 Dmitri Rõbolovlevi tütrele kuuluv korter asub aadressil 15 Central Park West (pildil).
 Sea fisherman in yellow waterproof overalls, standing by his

——————————

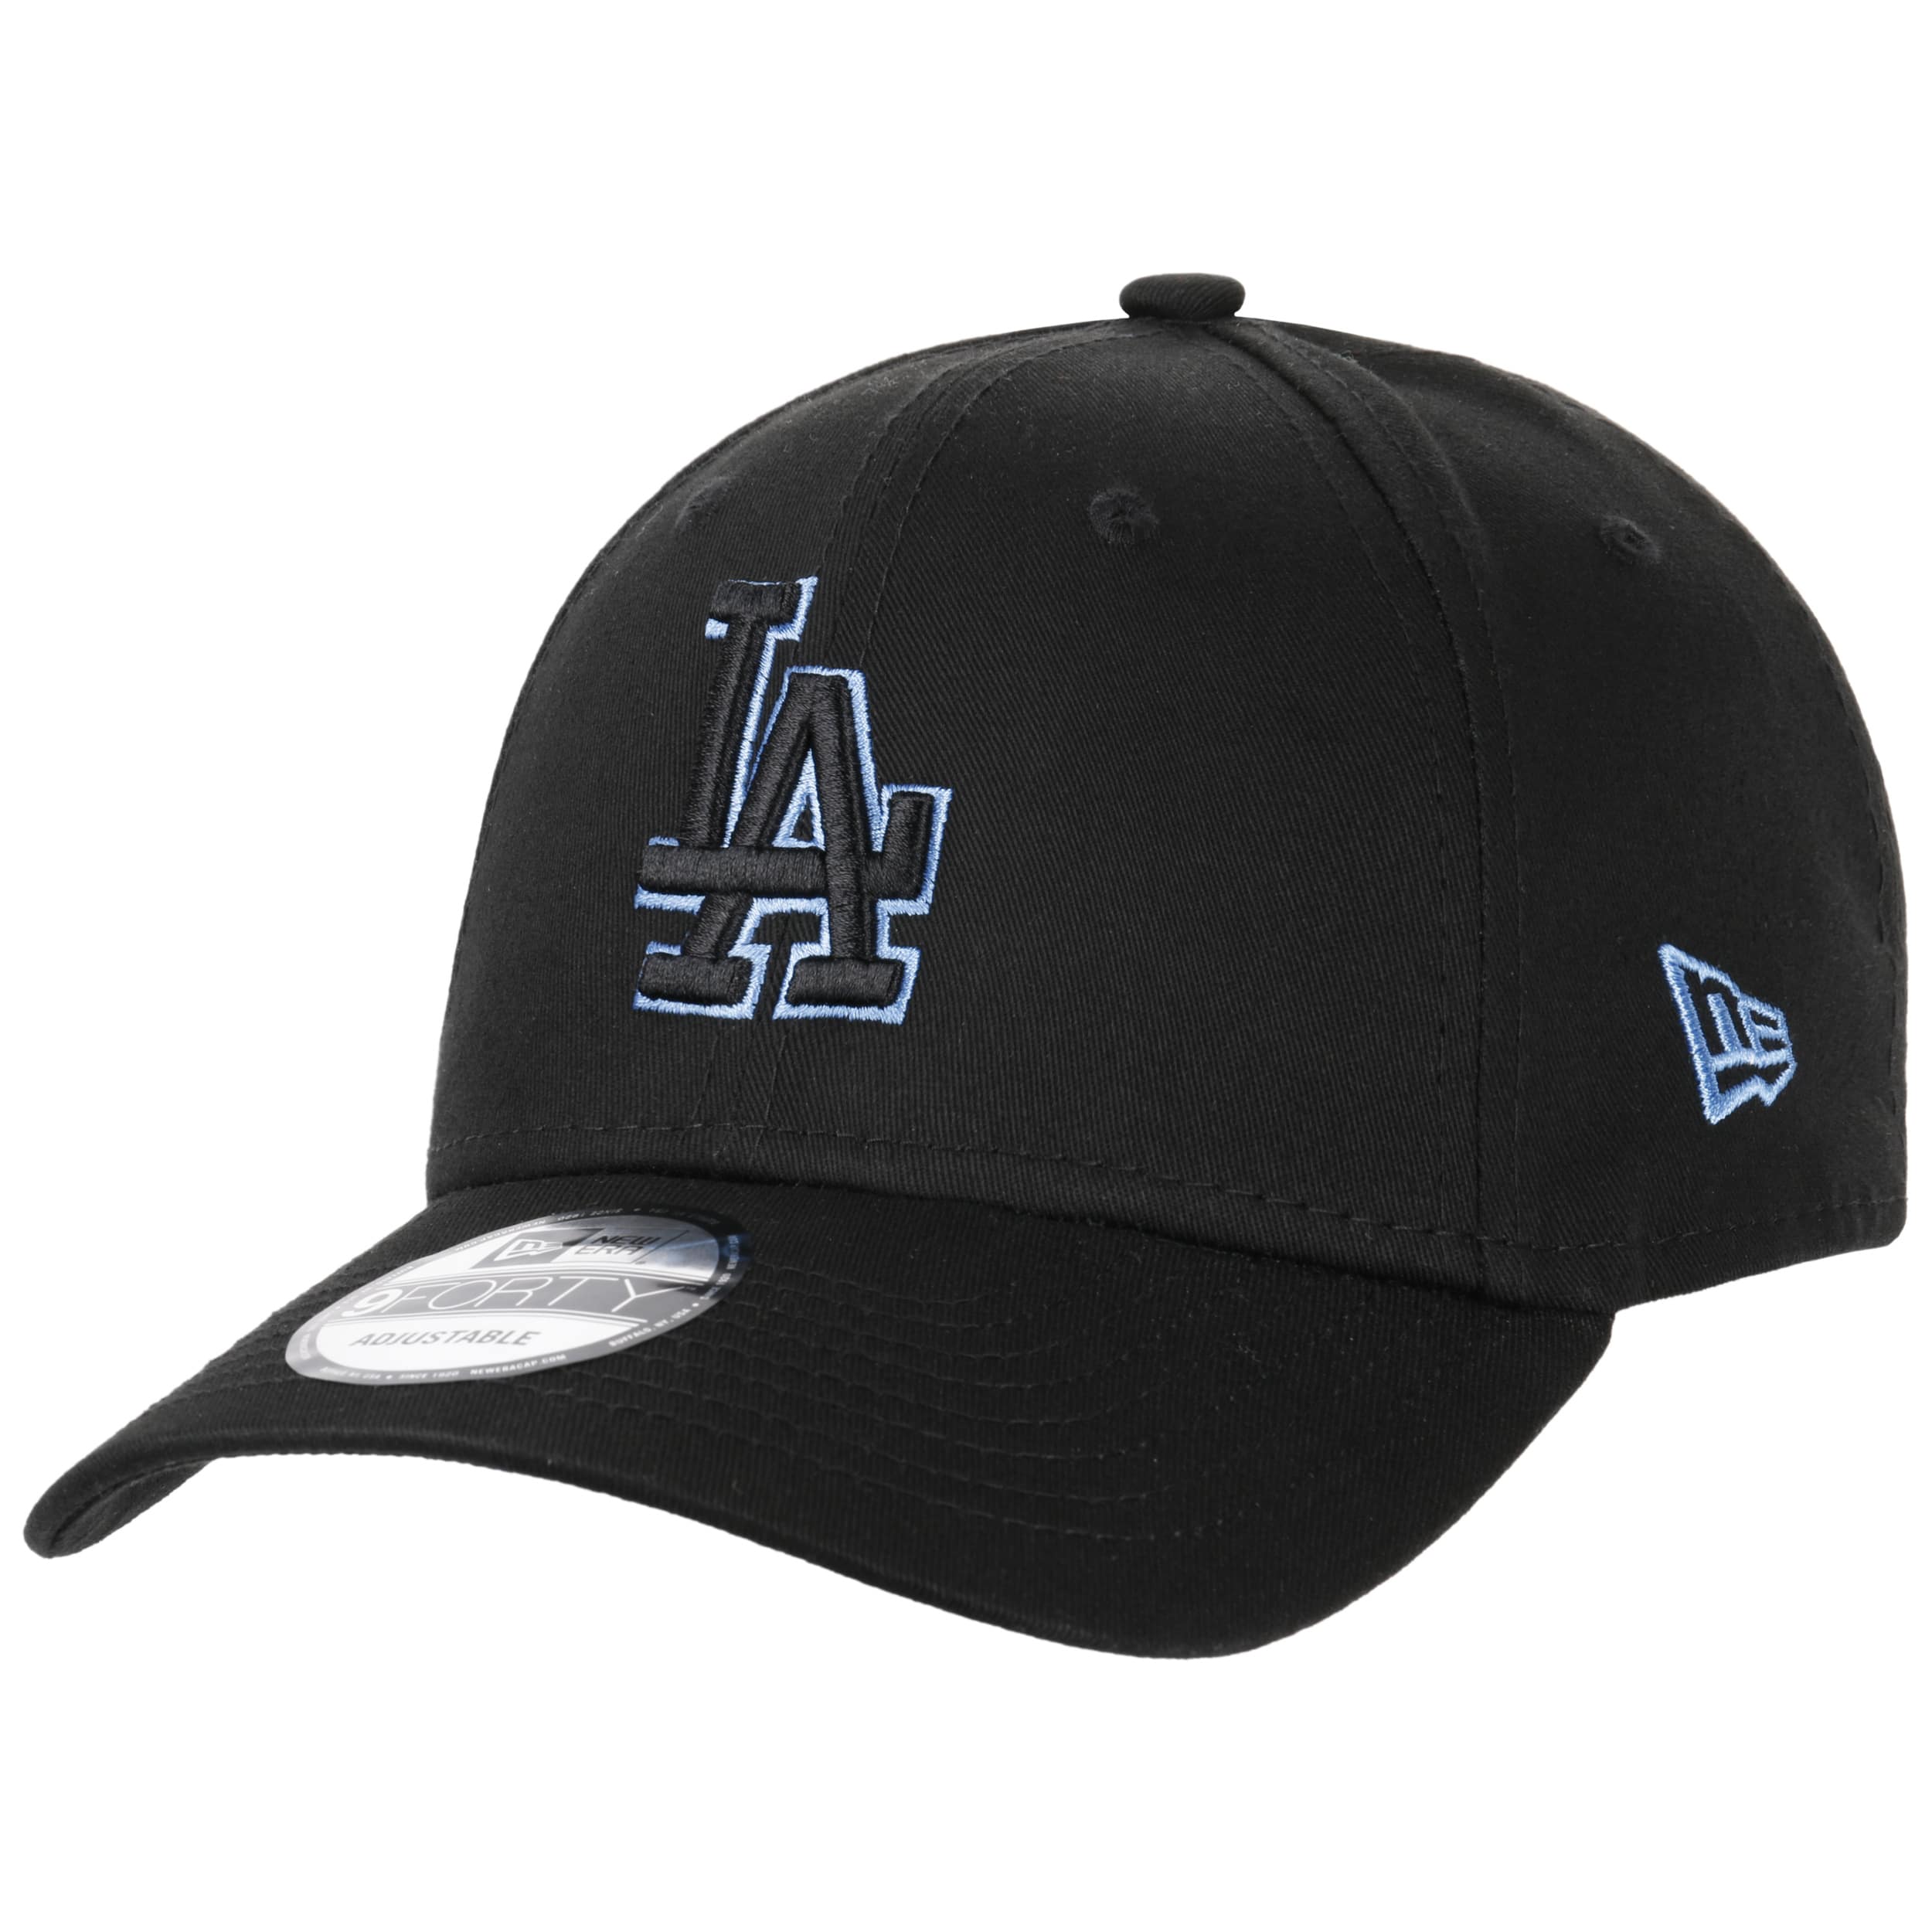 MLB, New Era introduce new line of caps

——————————

Which lines above run from the one containing "Dmitri Rõbolovlevi tütrele" to the one containing "Sea fisherman in"? Give them again exactly, both ends included.

*Task solution*
 Dmitri Rõbolovlevi tütrele kuuluv korter asub aadressil 15 Central Park West (pildil).
 Sea fisherman in yellow waterproof overalls, standing by his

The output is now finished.